> ACTIVITY: In the records below, the lines between the one holding "best website 8b54d" and the one holding "Epic Cat Wallpaper 73 Images", inclusive, are to be transcribed exactly; no pictures are to be included.

> DATA SECTION:
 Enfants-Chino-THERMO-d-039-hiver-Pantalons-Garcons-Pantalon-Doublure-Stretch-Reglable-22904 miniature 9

--

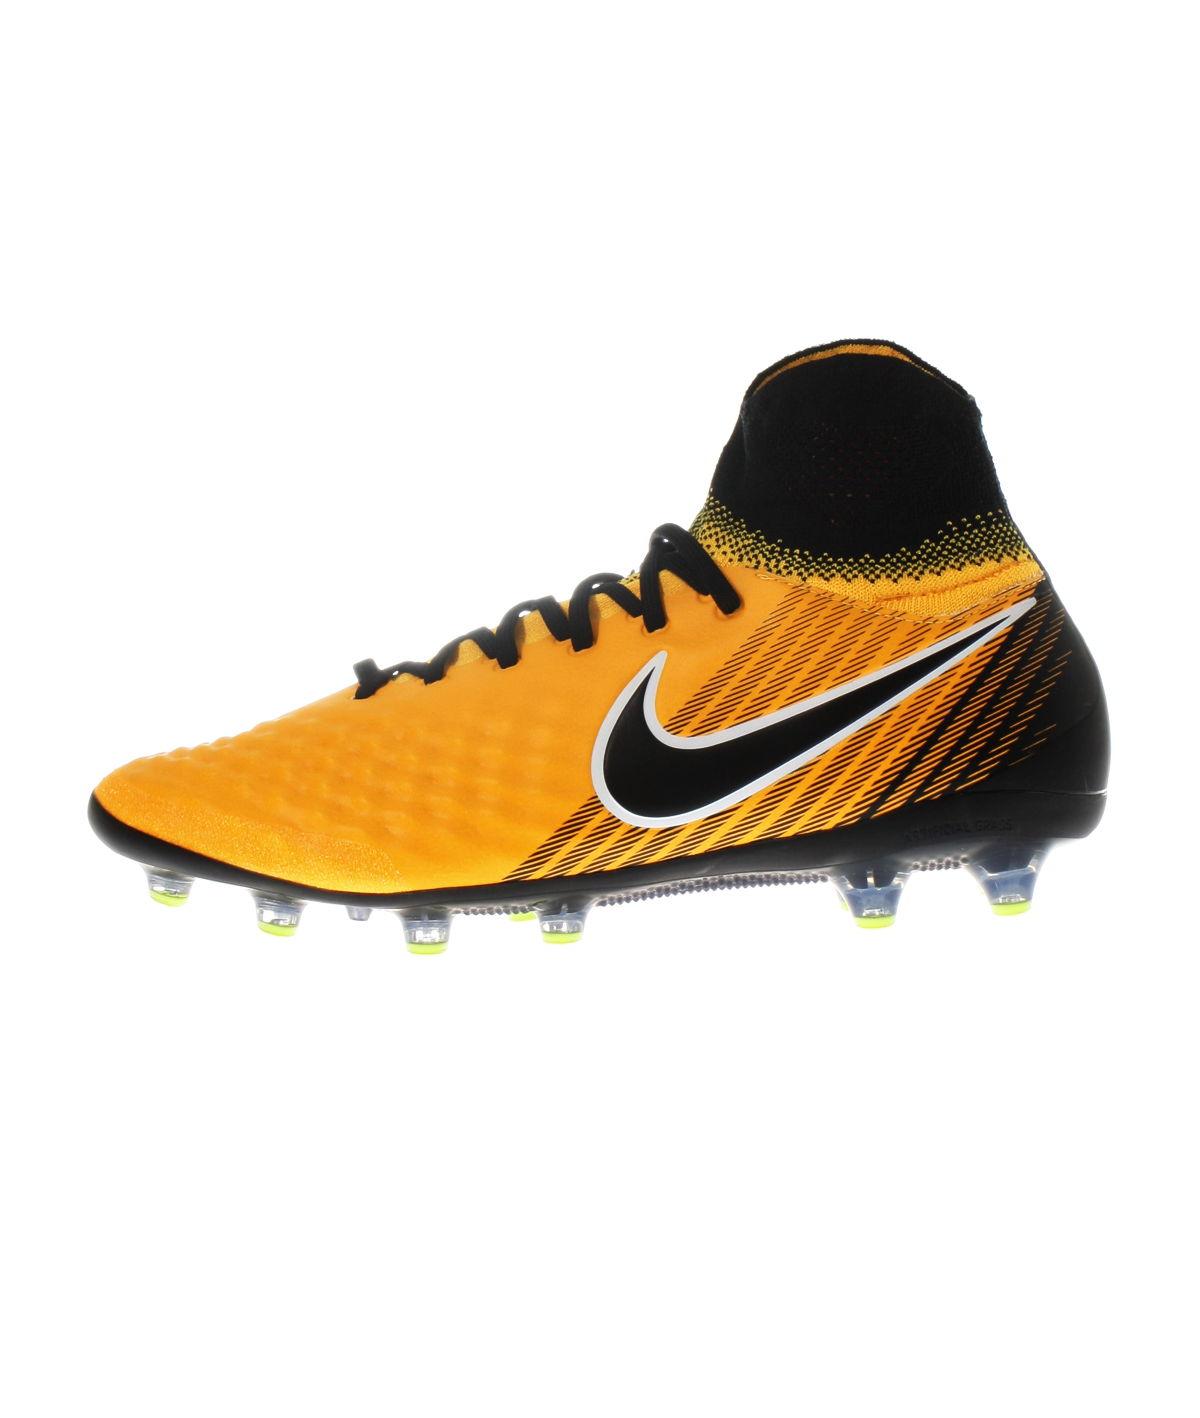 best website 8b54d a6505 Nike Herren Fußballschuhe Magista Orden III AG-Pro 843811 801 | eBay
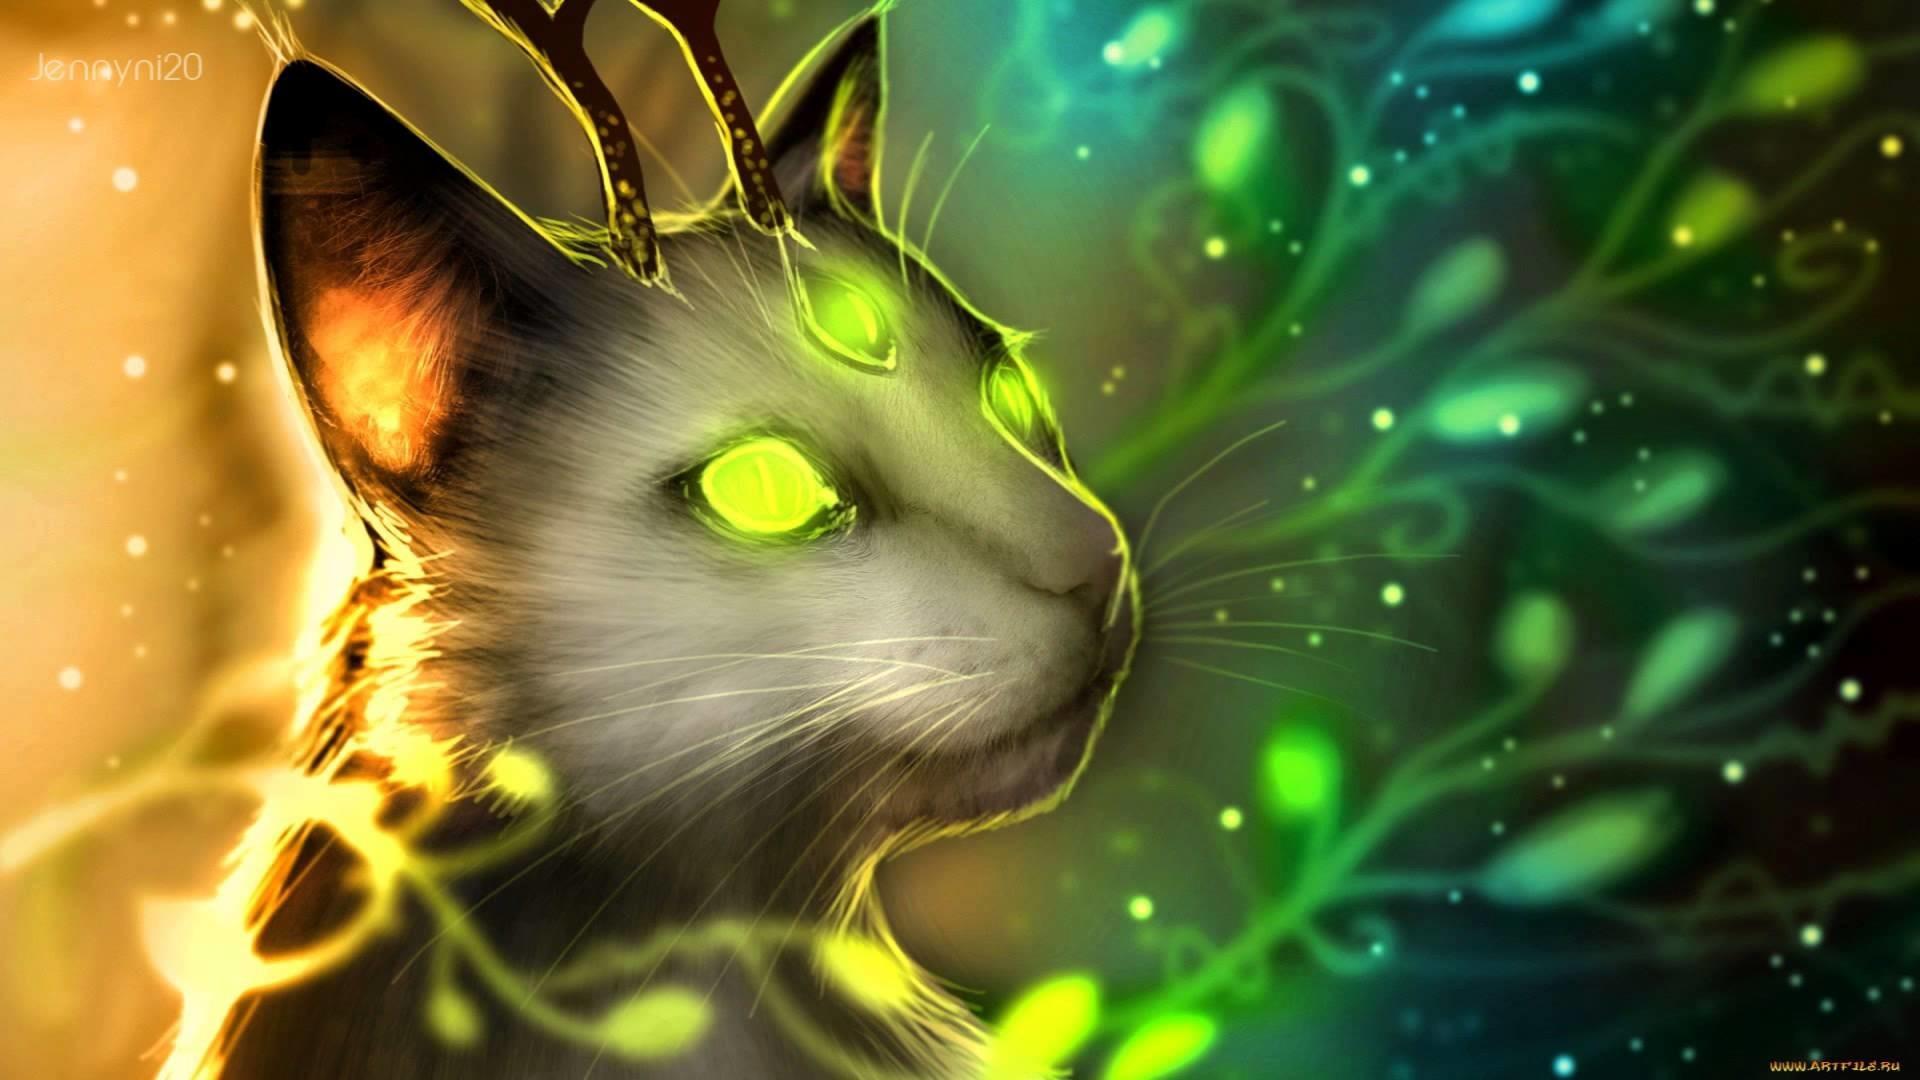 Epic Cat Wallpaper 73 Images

> ANSWER TO THIS EXERCISE:
 best website 8b54d a6505 Nike Herren Fußballschuhe Magista Orden III AG-Pro 843811 801 | eBay
 Epic Cat Wallpaper 73 Images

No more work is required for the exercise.